_Assignment:_
An exact copy of the data is needed, but without any of its images.

--- Source data Enclosed Below ---

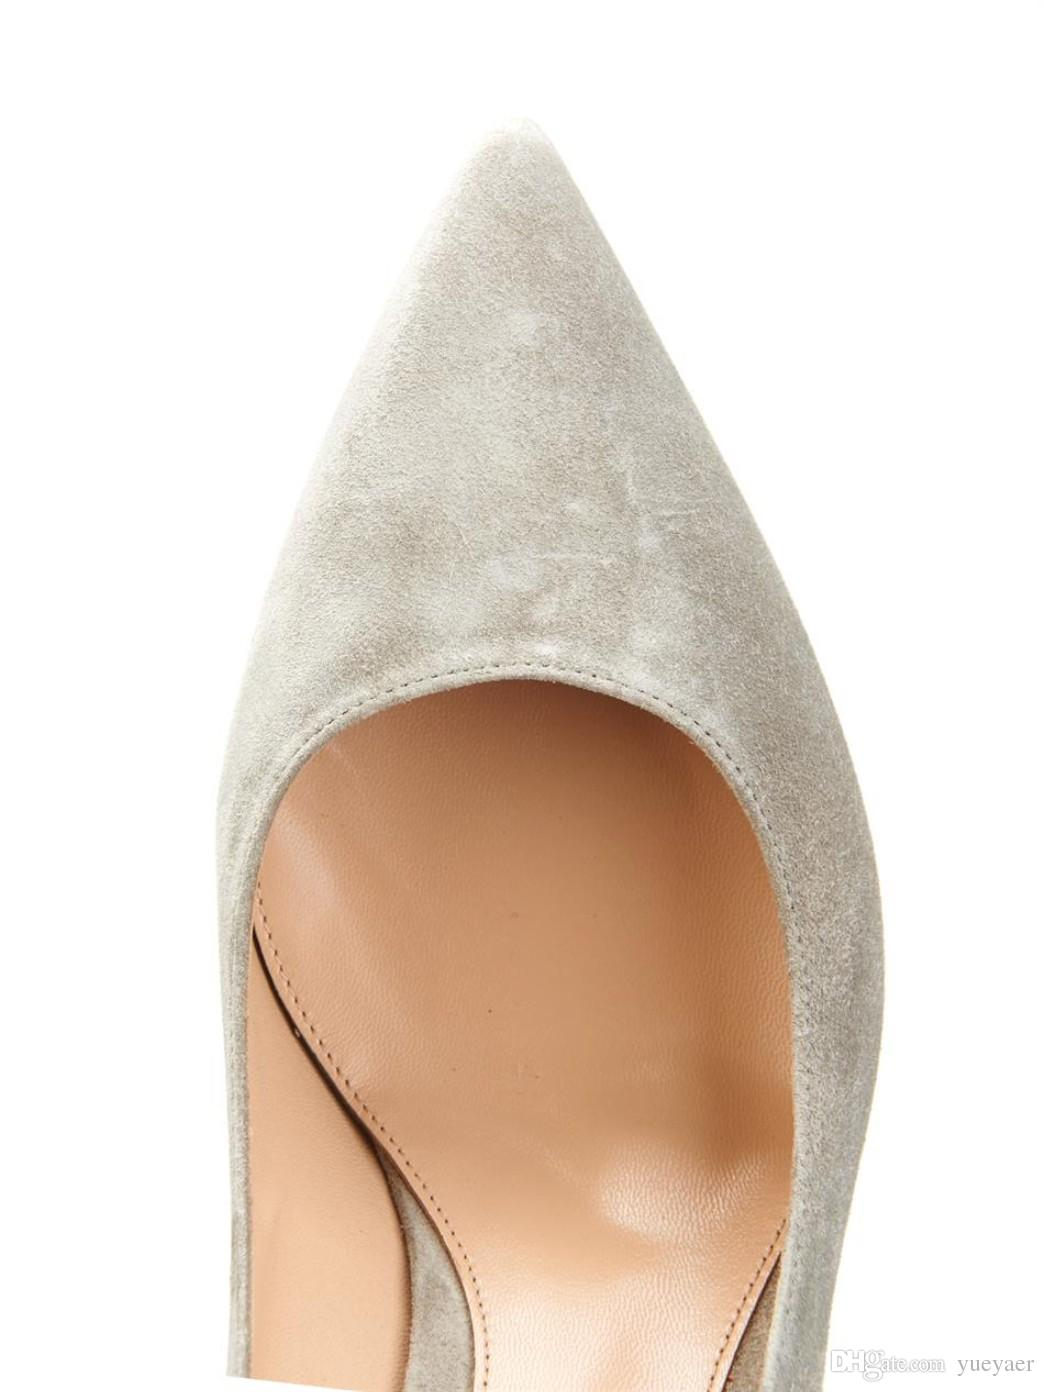 Zandina Handmade Fashion 8cm High Heel Pumps Simple Style Slip-on Pointy Party Evening Wedding Stiletto Shoes Camel
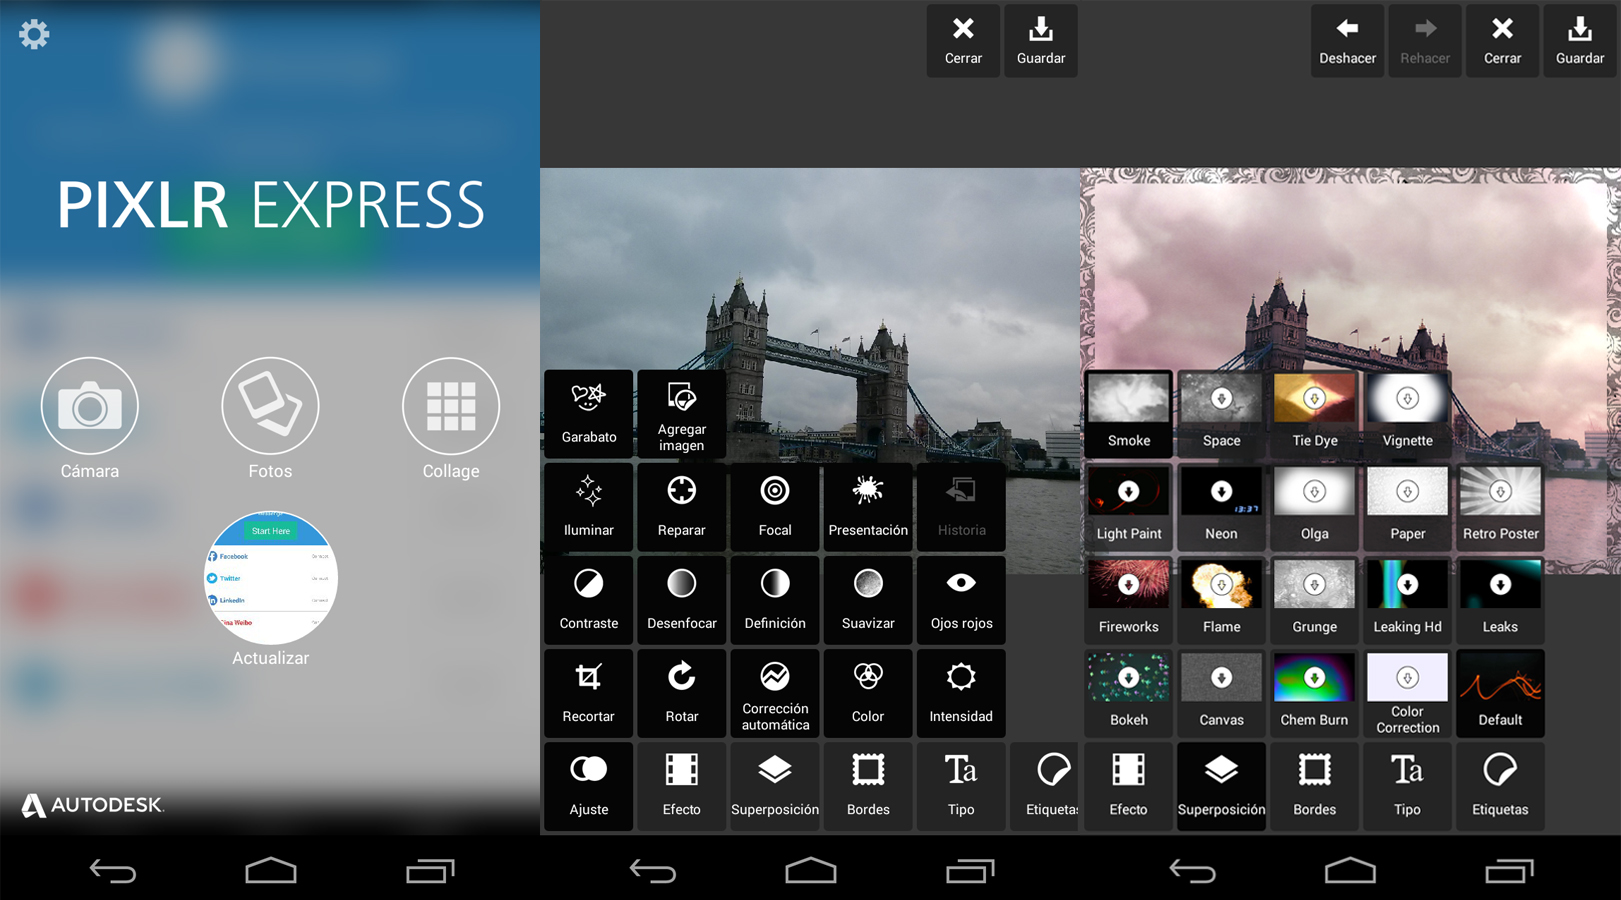 Autodesk Pixlr - Screen
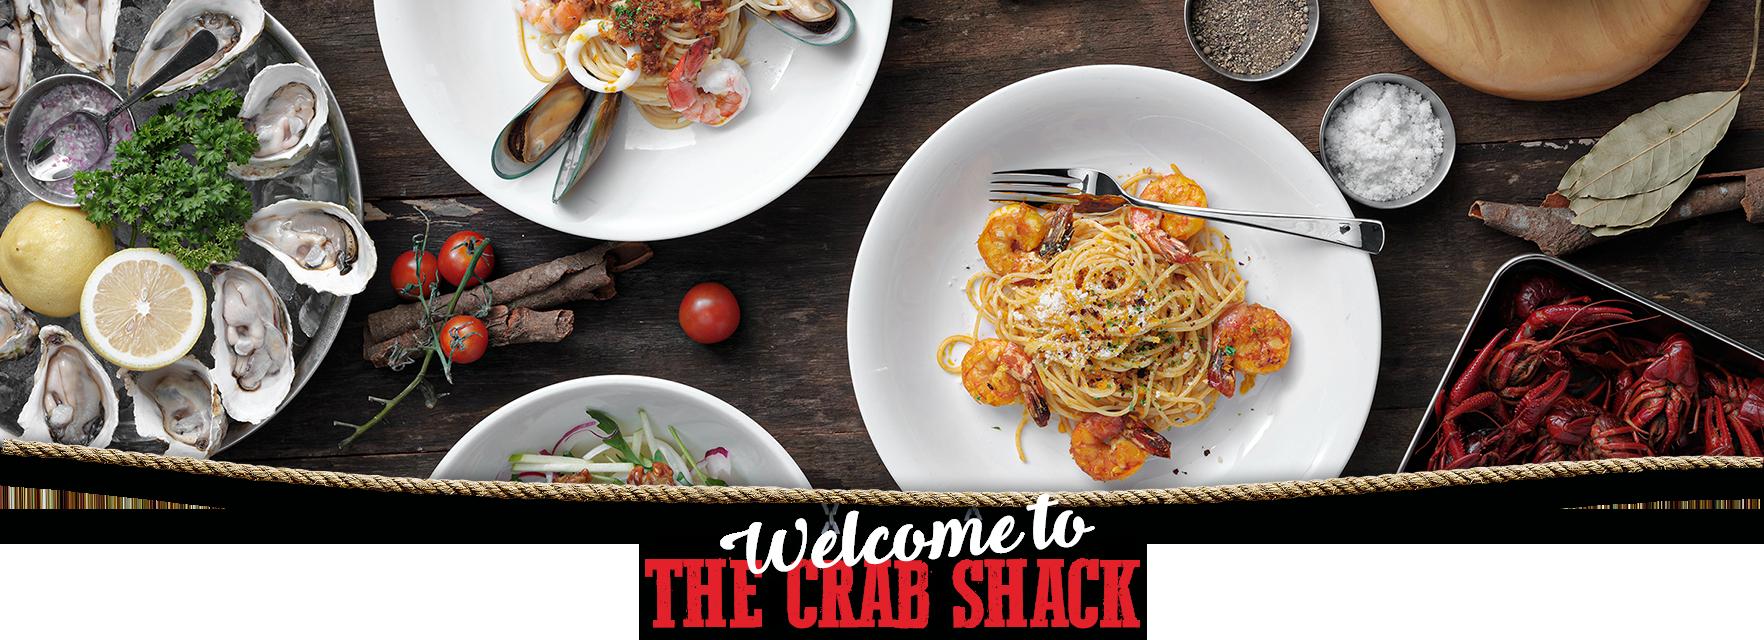 The Crab Shack | Seafood Restaurant, Ho chi minh city

--- End of Enclosed Source data ---

_Exercise result:_
 Zandina Handmade Fashion 8cm High Heel Pumps Simple Style Slip-on Pointy Party Evening Wedding Stiletto Shoes Camel
 Autodesk Pixlr - Screen
 The Crab Shack | Seafood Restaurant, Ho chi minh city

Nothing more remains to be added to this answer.